The date had gone well, he thought. If he said so himself.
Now they were sitting in Derek’s car, surrounded by the evening darkness. The street was postcard pretty, shrouded in darkness, with hazy circles of golden light haloing the lamps and the flowering bushes spilling out over the iron-wrought fences.
Derek turned to the other boy sitting beside him.
“Did you have fun?” Derek asked.
Stiles nodded, picking at his knuckles. He was uncharacteristically silent, and while Derek would have liked to simply think it was because he was nervous around Derek, something told him that wasn’t the case.
“Did you have fun?” Derek asked again, because he needed to hear the words to parse out whether they were true.

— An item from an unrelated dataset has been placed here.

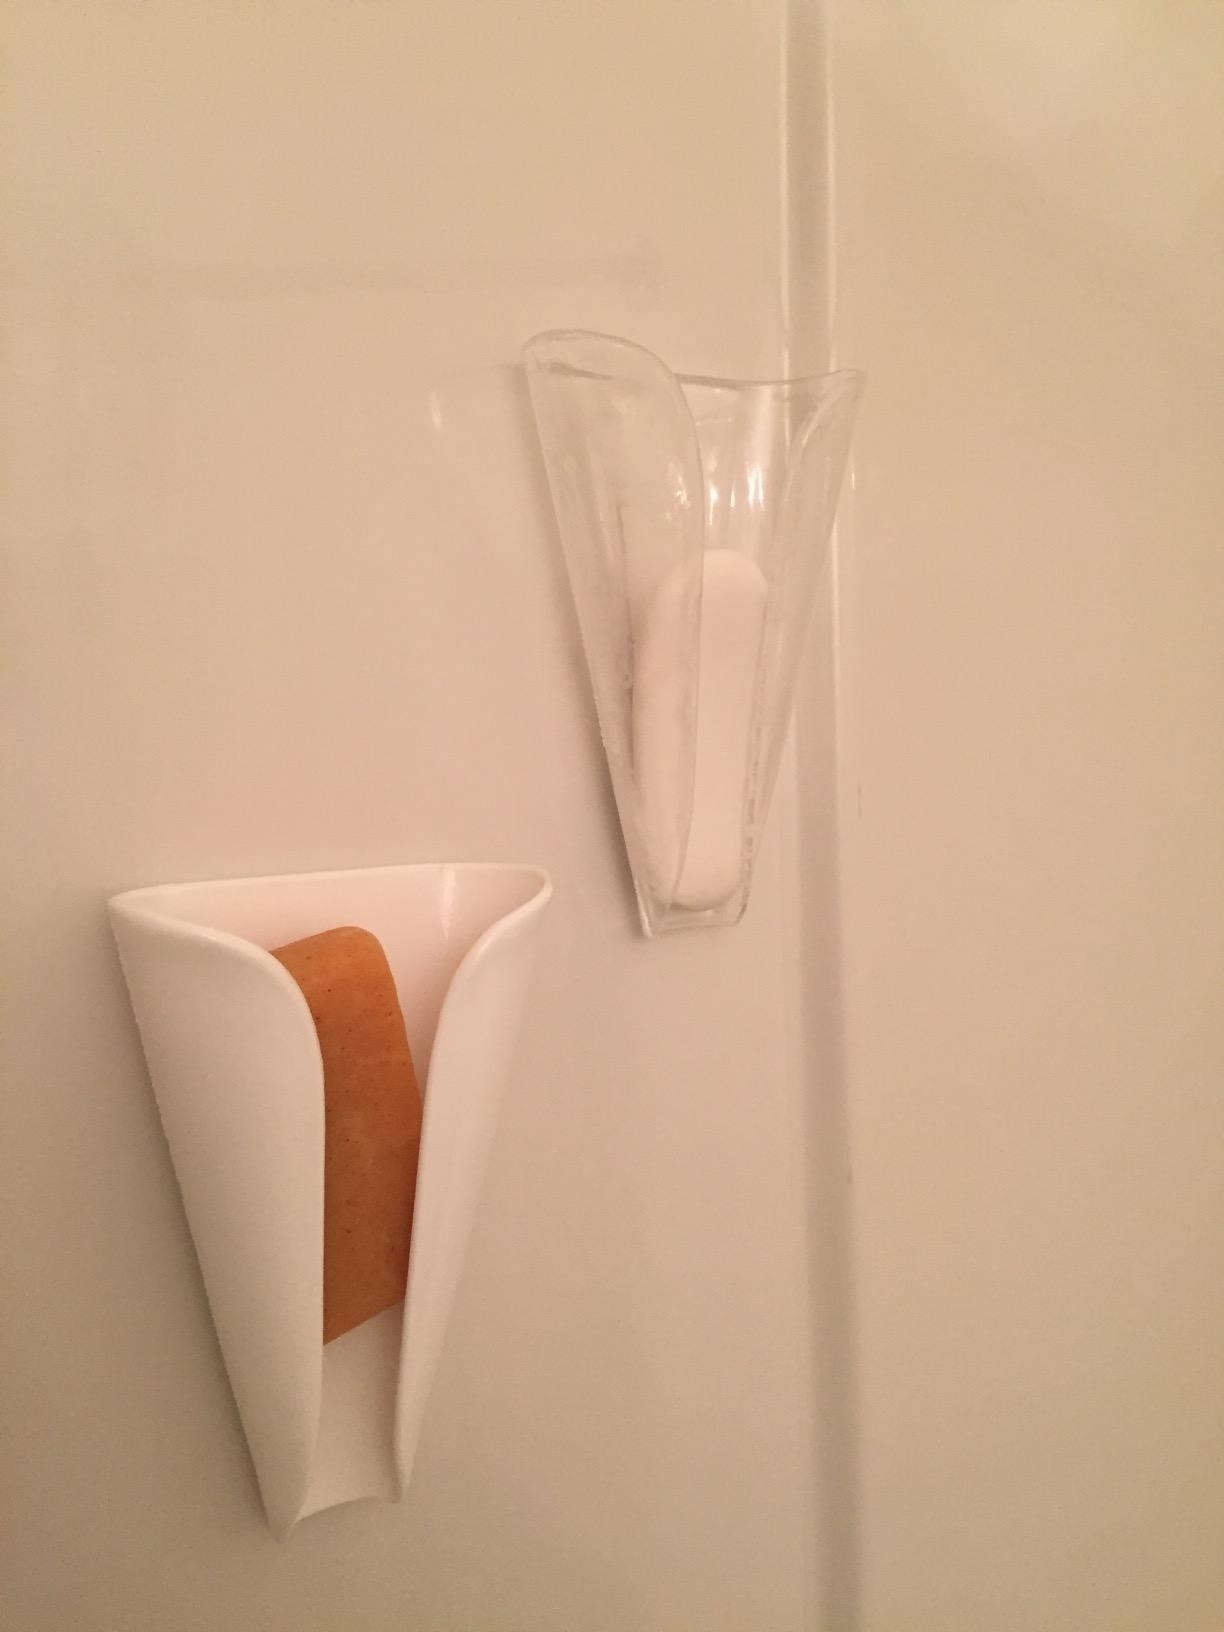 Reviewer photo of the soap holder, one white and one clear

“Yeah, sure,” Stiles said, and while the answer came quickly enough and his voice was steady enough, Derek narrowed his eyes. The little fucker was lying. He couldn’t believe it. For the past twenty minutes, ever since the movie ended, he had been agonizing over whether to kiss him? don’t kiss him? how far should I push it? but he now realized that was pretty much moot. Despite his response, Stilinski hadn’t enjoyed the date.
“Would you like to go out again?” Derek asked carefully, gauging the other boy’s expression. Normally he wouldn’t have asked, just told the girl when and where, and voilà, she would be waiting for him at that exact time and location. But Stilinski was trickier.
“Sure,” Stiles said, still looking at his hands.
Another lie.
Annoyance burst through Derek in spades. And this time, there was that frisson of alarm as well, in addition to dismay, because pulling off this entire dare hinged on Stilinski not losing interest in him.
He opened his mouth, although he wasn’t sure what he was about to say, but Stilinski was turning away, reaching out for the door handle.
“Thanks for tonight.”
With that, Stiles slipped out and firmly shut the door. With that, he was fucking gone. Like a hologram that blinked out of existence right before his eyes.
Derek stared at the empty seat, dumbfounded. He could practically feel Jackson’s Porsche driving away from him. It felt like a huge middle finger.
Stiles
He stepped out of the bathroom, wearing only his sweatpants, a damp towel slung over his bare shoulders. His dad had returned home sometime during his shower, and Stiles could hear him downstairs, most likely enjoying a well-deserved craft beer and some quiet time to himself. The faint, familiar sounds of a football game drifted up to the second floor. One of the players must have fumbled the ball just then. His dad muttered lowly in displeasure and Stiles found himself smiling, fondness curling around him like a warm blanket.
“Night, dad!” he hollered down the staircase, and “You too, son!” was hollered in return.
Stiles went to his room and shut the door. It was late, he was exhausted, and all in all, glad that the day was over. He was more than ready for bed.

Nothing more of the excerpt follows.